# Brake Rotors??



## Lex02Frontier (Jan 11, 2005)

I am change the rotors on 02 Frontier for the first time. I have tried to find a Haynes or Chilton's book for assistance but neither one makes a book yet for 02. I can not get the rotors off.

Does anyone have suggestions? Is there a difference b/w 01 & 02?

Thanks,


----------



## Matt93SE (Sep 17, 2003)

the rotor part #s for the '01 and '02 are the same, so the brake system will be the same.

are they just frozen to the hub? pretty common for brake rotors to do that. if there are bolt holes in the face of the rotor, you can stick some screws in there to drive them off the hub.. most of the OEM rotors I've seen have them, but I haven't worked on a Frontier yet.

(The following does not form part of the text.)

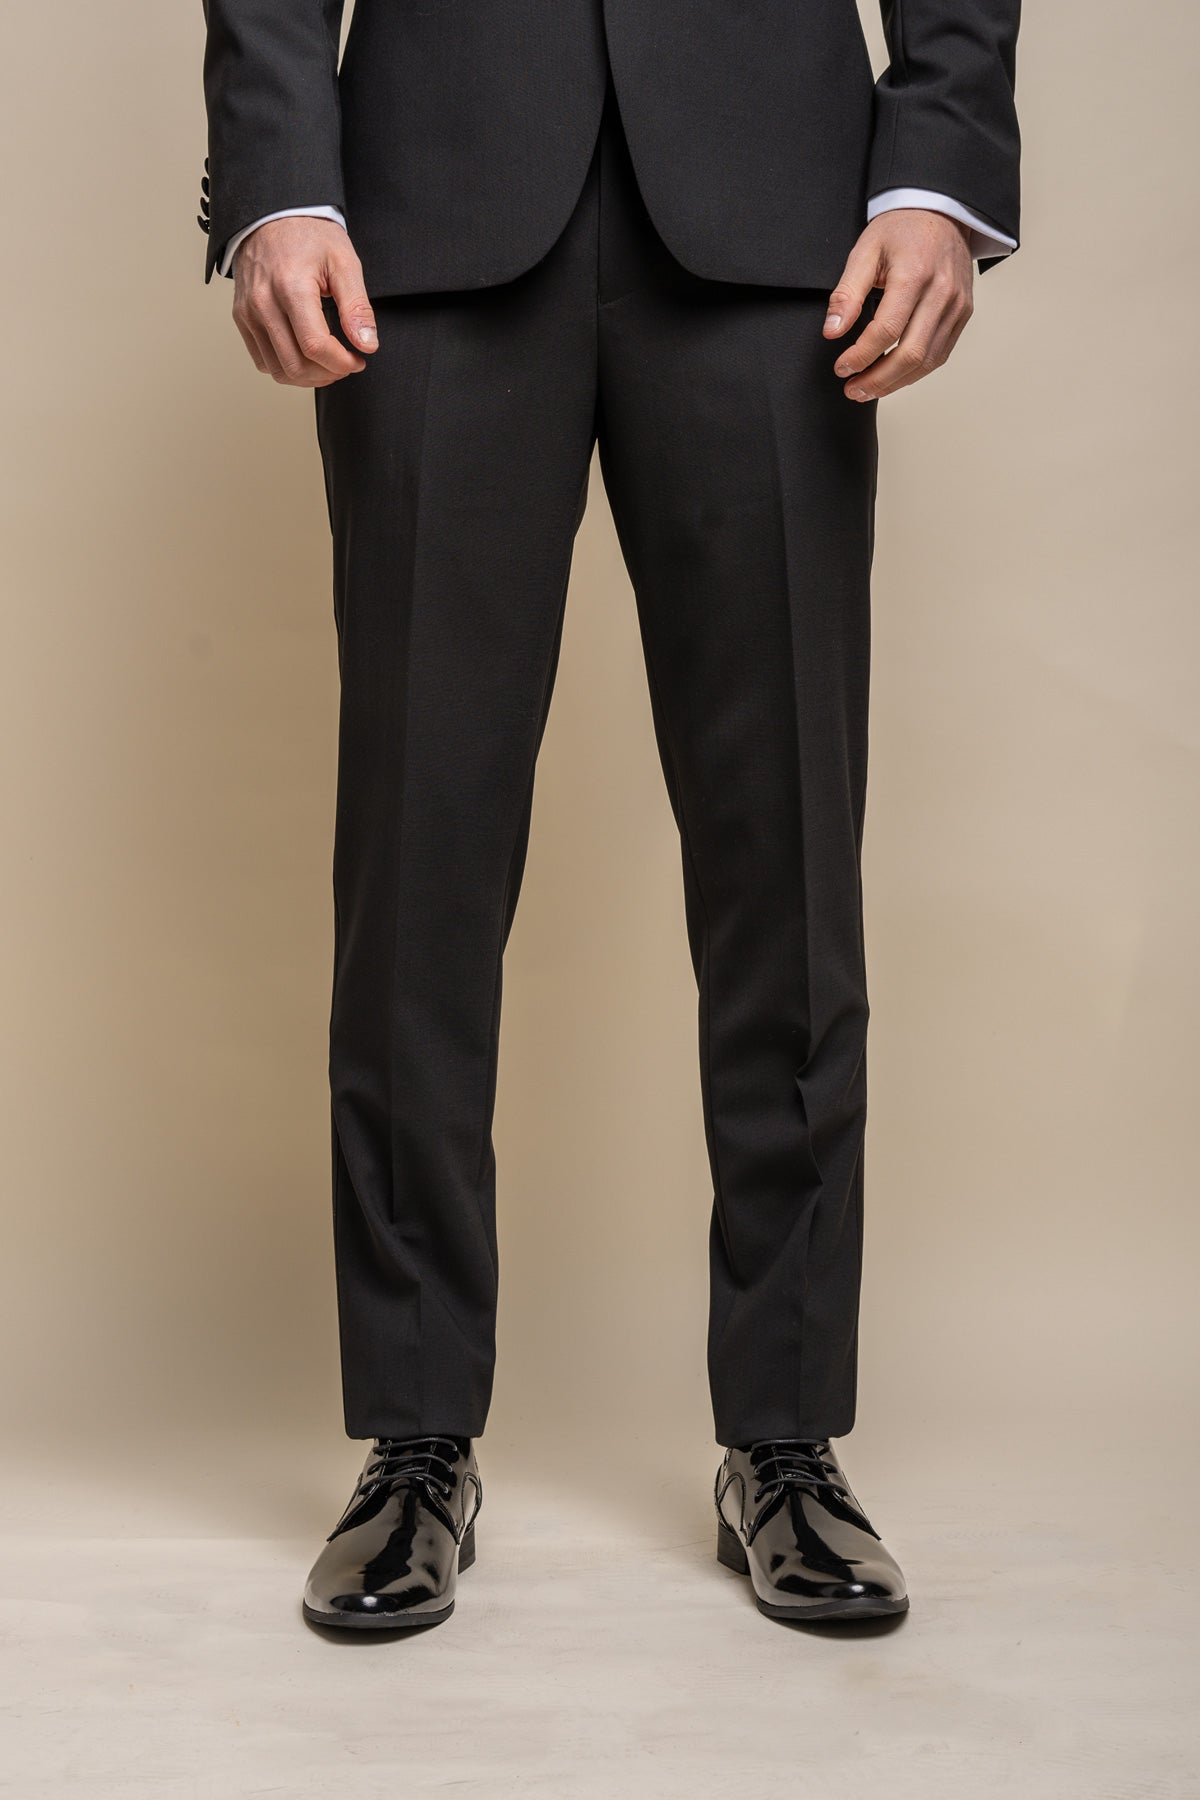 Aspen Black Tuxedo Trousers - Trousers - 28R - Swagger & Swoon

If not, then you can do the old trick and get out your 10lb sledge.. hit them on the edge of the rotor, going toward the hub. a couple whacks is usually all that's necessary.


I'm assuming they're the same type as the rest of the FWD Nissans in that the rotor just slides off the hub. older chevy and ford trucks, the hub was built into the rotor and you had to change the hub, wheel bearing, rotor, etc all at the same time.
I don't think it's the case on your truck, but without personal experience I can't say for sure.


----------